There we go, soiling JJ's good name again. Just because he has ran into the back of a half-dozen people for the last 9 years, doesn't mean you should expect it on the 10th. 

But just in case, I would increase the size of the foam shock absorber 

Chris


----------



## Dwight Ennis (Jan 2, 2008)

You will note, Stan, that I conspicuously left your name OUT (I still need my artwork after all - hehehe).


----------



## Stan Cedarleaf (Jan 2, 2008)

Posted By Dwight Ennis on 03 Apr 2012 11:09 PM 
You will note, Stan, that I conspicuously left your name OUT (I still need my artwork after all - hehehe).







Wisely done, Dwight.... Wisely done...


----------



## rhyman (Apr 19, 2009)

Dwight,

I intentionally did not consider adding Stan to the threat database while designing the car. After all, not only does he make decals -- he also handles all of the banquet arrangements. I can imagine what the outcome would be if the detection system was capable of tracking two bogies rather than just one. All of my decals would have "RGS" misspelled and I would end up being seated in the porta-potty for the meal. Some things are just better left unsaid.
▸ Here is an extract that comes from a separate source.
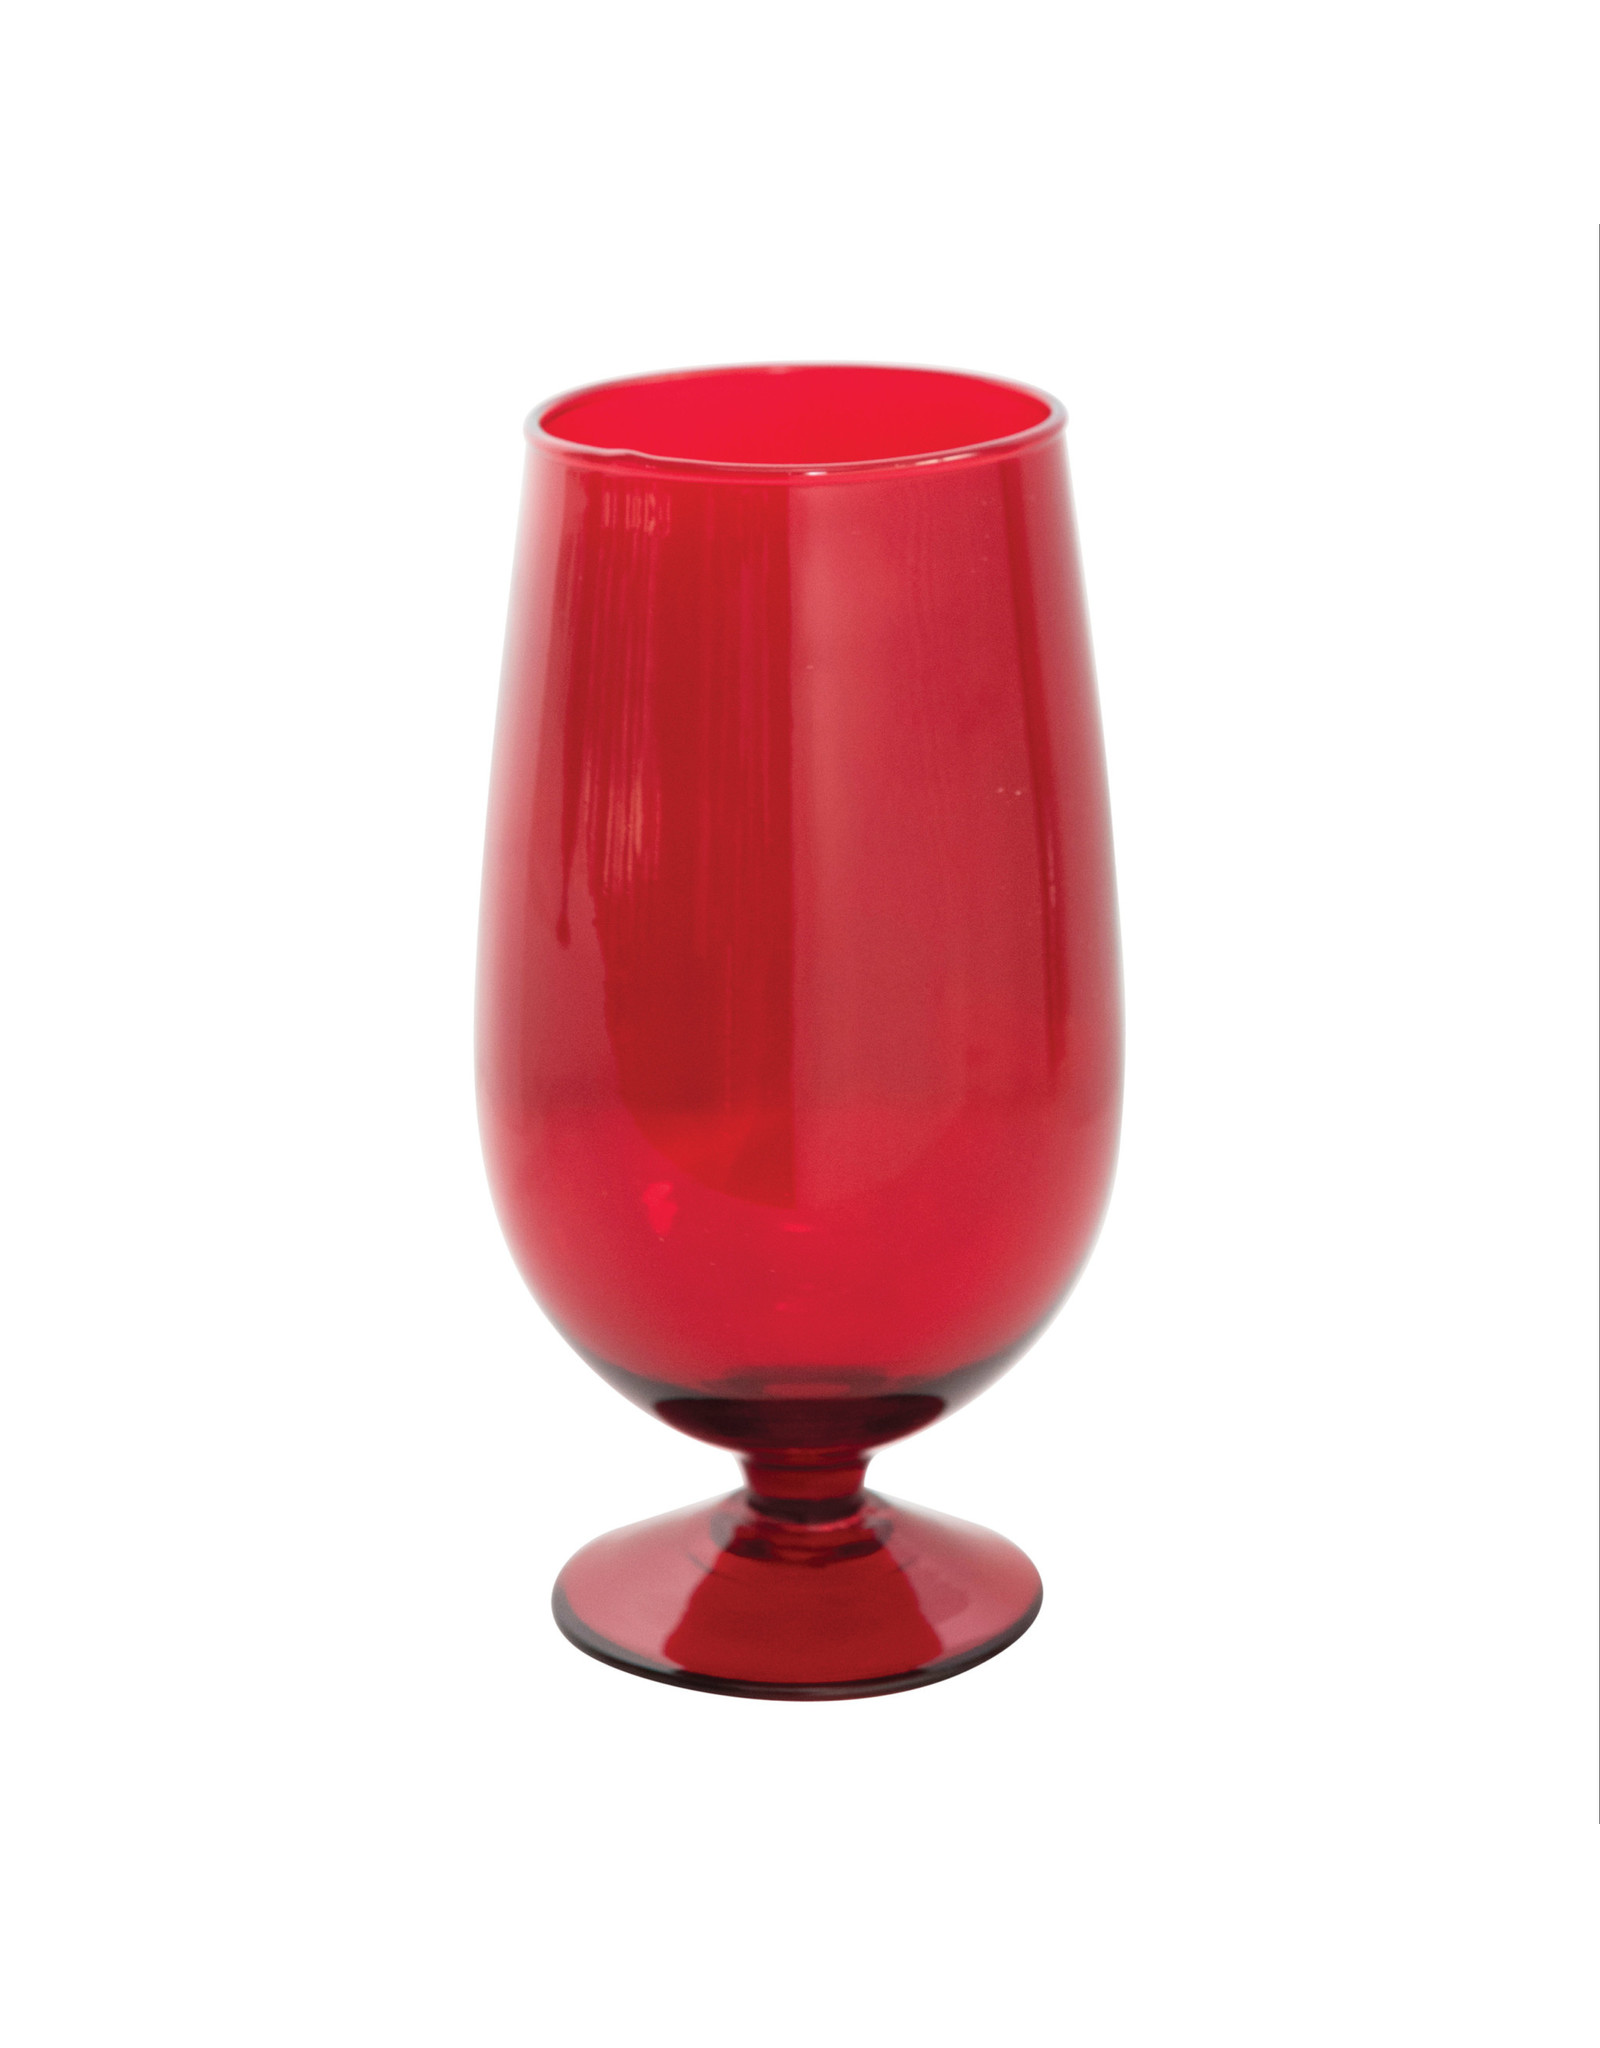 XS1846 12 oz Stemmed Glass, Red

P.S. Don't tell Stan I told you this.


----------



## Dave Meashey (Jan 2, 2008)

Bob;

I can't make it to the event AGAIN (still working & not enough vacation). BUT I would consider loaning the Brandywine & Gondor Railroad's "Balrog Catcher" car. You would have to promise to fire a blank warning shot first. I'd hate to see one of JJ's beautiful locomotives become the "Cannonball Express" unnecessarily.


















Have fun,
David Meashey


----------



## up9018 (Jan 4, 2008)

This is JJ we are talking about, that Pea Shooter won't cut it. Going to need something a little bigger, like this:










Even then, I don't think we can reload fast enough to stop him!!! 


Chris


----------



## Dave Meashey (Jan 2, 2008)

Chris;
That monster has to have equally spaced double track throughout. I think you would do better with Dragon's 1:35 Leopold rail gun kit. I have yet to start my kit, but it looks like it can be adapted to run on 45mm track just fine. Even with the Leopold you probably won't have to hit anything. Just firing it off the rear of the train should quickly propel the train about another half scale mile down the track, and out of harm's way.









Have fun,
David Meashey


----------



## Dwight Ennis (Jan 2, 2008)

Where *IS* JJ? I'm surprised he hasn't commented here on the "defecation of character..."


----------



## Greg Elmassian (Jan 3, 2008)

You guys got it all wrong, such agression... just run this kind of loco:


----------



## bnsfconductor (Jan 3, 2008)

Posted By Dwight Ennis on 05 Apr 2012 09:39 AM 
Where *IS* JJ? I'm surprised he hasn't commented here on the "defecation of character..." 
I was wondering the same thing too...


----------



## NTCGRR (Jan 2, 2008)

He probably does not know what defecation means. sounds kinda dirty.


----------



## Dwight Ennis (Jan 2, 2008)

Actually it was JJ whom I first heard use the term.


----------